Other Name: JNJ-80202135

Drug: Glucocorticoids
Prednisone or equivalent will be administered orally as Glucocorticoid.

Placebo Comparator: Placebo
Participants will receive Nipocalimab matching placebo at Week 0 (Baseline) and then Q2W up to Week 50 during double-blind period. Participants on GC at baseline will receive a stable dose of oral GC (prednisone or equivalent) from 4 weeks prior to the first administration of study intervention to Week 0. No changes in GC doses are allowed between Week 0 and Week 24. From Week 24 to Week 44, GC doses will be tapered. No changes to GC doses will be allowed from Week 44 to Week 52. Eligible participants will enter LTE period and continue receiving Nipocalimab matching placebo Q2W starting from Week 52 up to Week 98 and will be followed up to Week 106.
Other: Placebo
Nipocalimab matching placebo will be administered intravenously in double-blind period.

Drug: Glucocorticoids
Prednisone or equivalent will be administered orally as Glucocorticoid.




Primary Outcome Measures :
  1. Percentage of Participants who Achieve at Least Minimal Improvement (Greater Than or Equal to [>=] 20) in IMACS TIS and on Less Than or Equal to (<=) 5 Milligrams per day (mg/day) of Oral Prednisone (or Equivalent) From Week 44 Through Week 52 [ Time Frame: At Week 52 ]
    Percentage of participants who achieve at least minimal improvement (>=20) in IMACS TIS at Week 52 and on <=5 mg/day of oral prednisone (or equivalent) from Week 44 through Week 52 will be reported. International Myositis Assessment and Clinical Studies Total Improvement Score (IMACS TIS) is a standardized clinical response criteria to assess minimal, moderate and major clinical improvement in adult participants with idiopathic inflammatory myopathies (IIM). Minimal improvement is defined as IMACS TIS greater than or equal to (>=) 20 in participants with IIM. The criteria use the 6 IMACS core set measures: physicians' global activity, patient global activity (PtGA), manual muscle testing (MMT)-8, muscle enzymes, myositis disease activity assessment tool (MDAAT), and health assessment questionnaire-disability index (HAQ-DI). The absolute percentage change in each measure with varying weights is combined to obtain a TIS on a scale of 0 to 100. Higher score indicates greater improvement.


Secondary Outcome Measures :
  1. Percentage of Participants who Achieve at Least Minimal Improvement (>=20) in IMACS TIS [ Time Frame: At Week 24 ]
    IMACS TIS is a standardized clinical response criteria to assess minimal, moderate and major clinical improvement in adult participants with IIM. Minimal improvement is defined as IMACS TIS >=20 in participants with IIM. The criteria use the 6 IMACS core set measures: PhGA, PtGA, MMT-8, muscle enzymes, MDAAT, and HAQ-DI. The absolute percentage change in each measure with varying weights is combined to obtain a TIS on a scale of 0 to 100. Higher score indicates greater improvement.
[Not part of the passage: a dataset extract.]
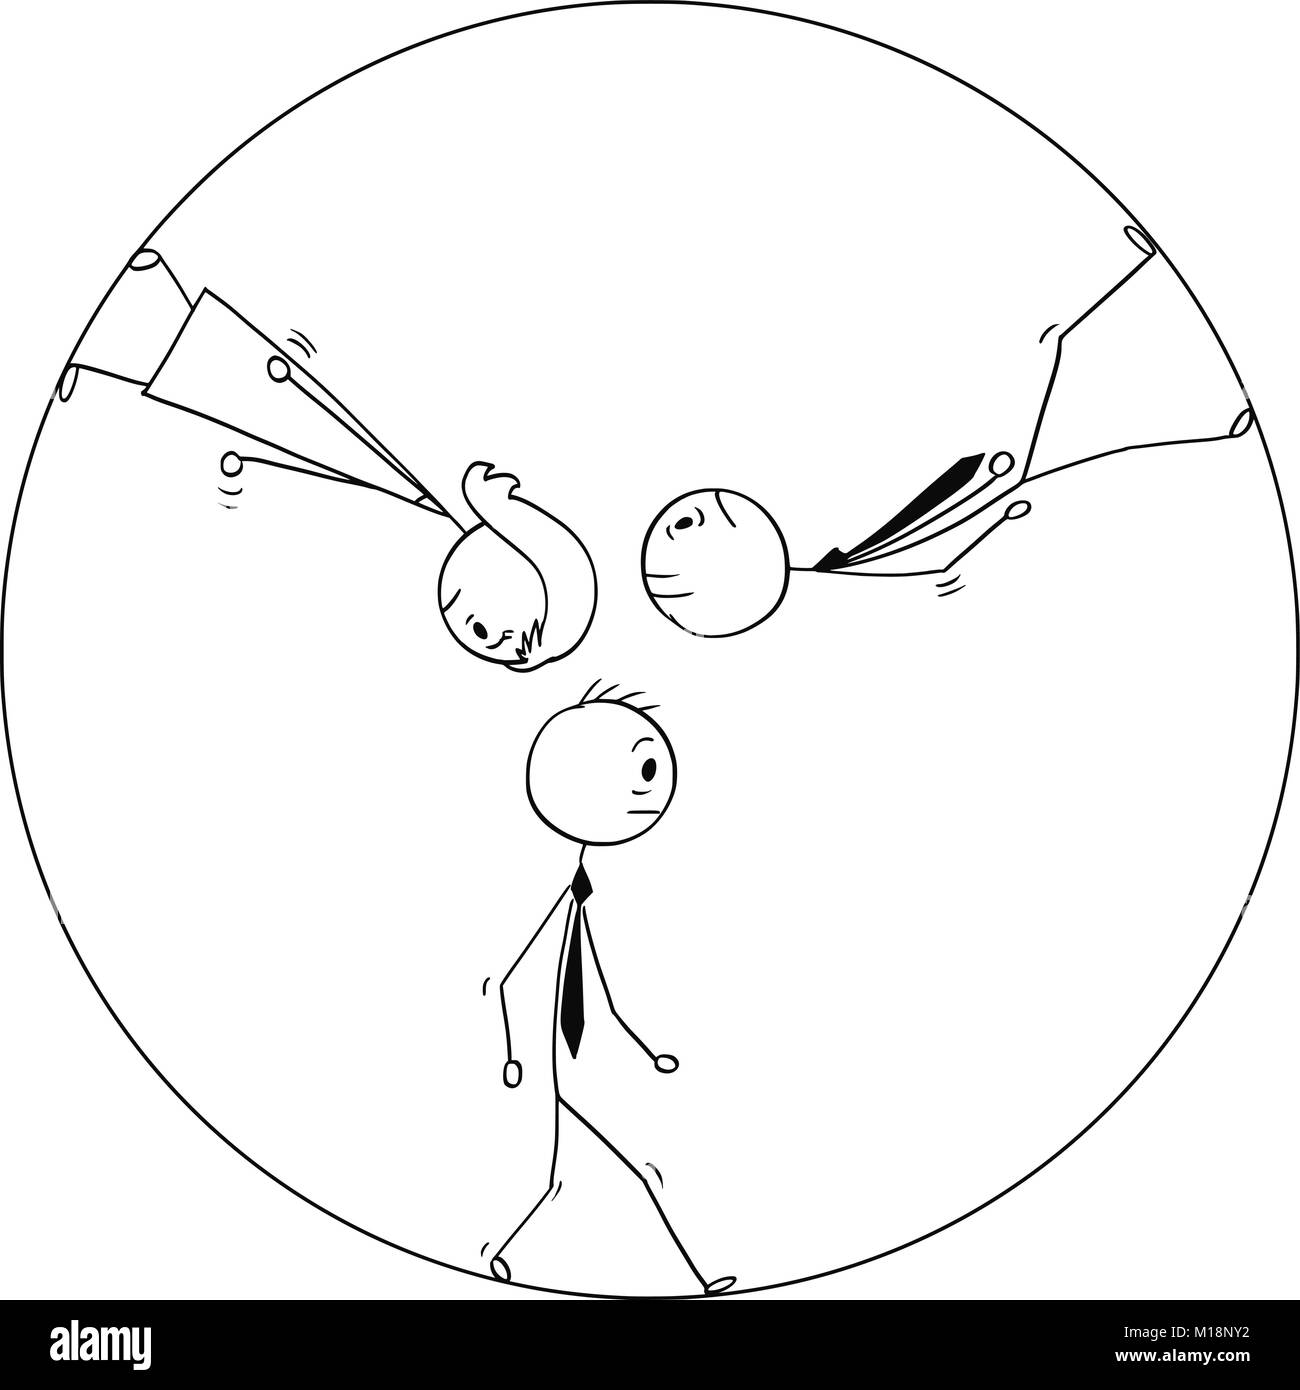 Konzeptionelle Cartoon von Traurig oder müde Geschäftsleute gehen im Kreis oder Rad Stock Vektor

  2. IMACS TIS [ Time Frame: At Week 52 ]
    IMACS TIS is a standardized clinical response criteria to assess minimal, moderate and major clinical improvement in adult participants with IIM. The criteria use the 6 IMACS core set measures: PhGA, PtGA, MMT-8, muscle enzymes, MDAAT, and HAQ-DI. The absolute percentage change in each measure with varying weights is combined to obtain a TIS on a scale of 0 to 100. Higher score indicates greater improvement.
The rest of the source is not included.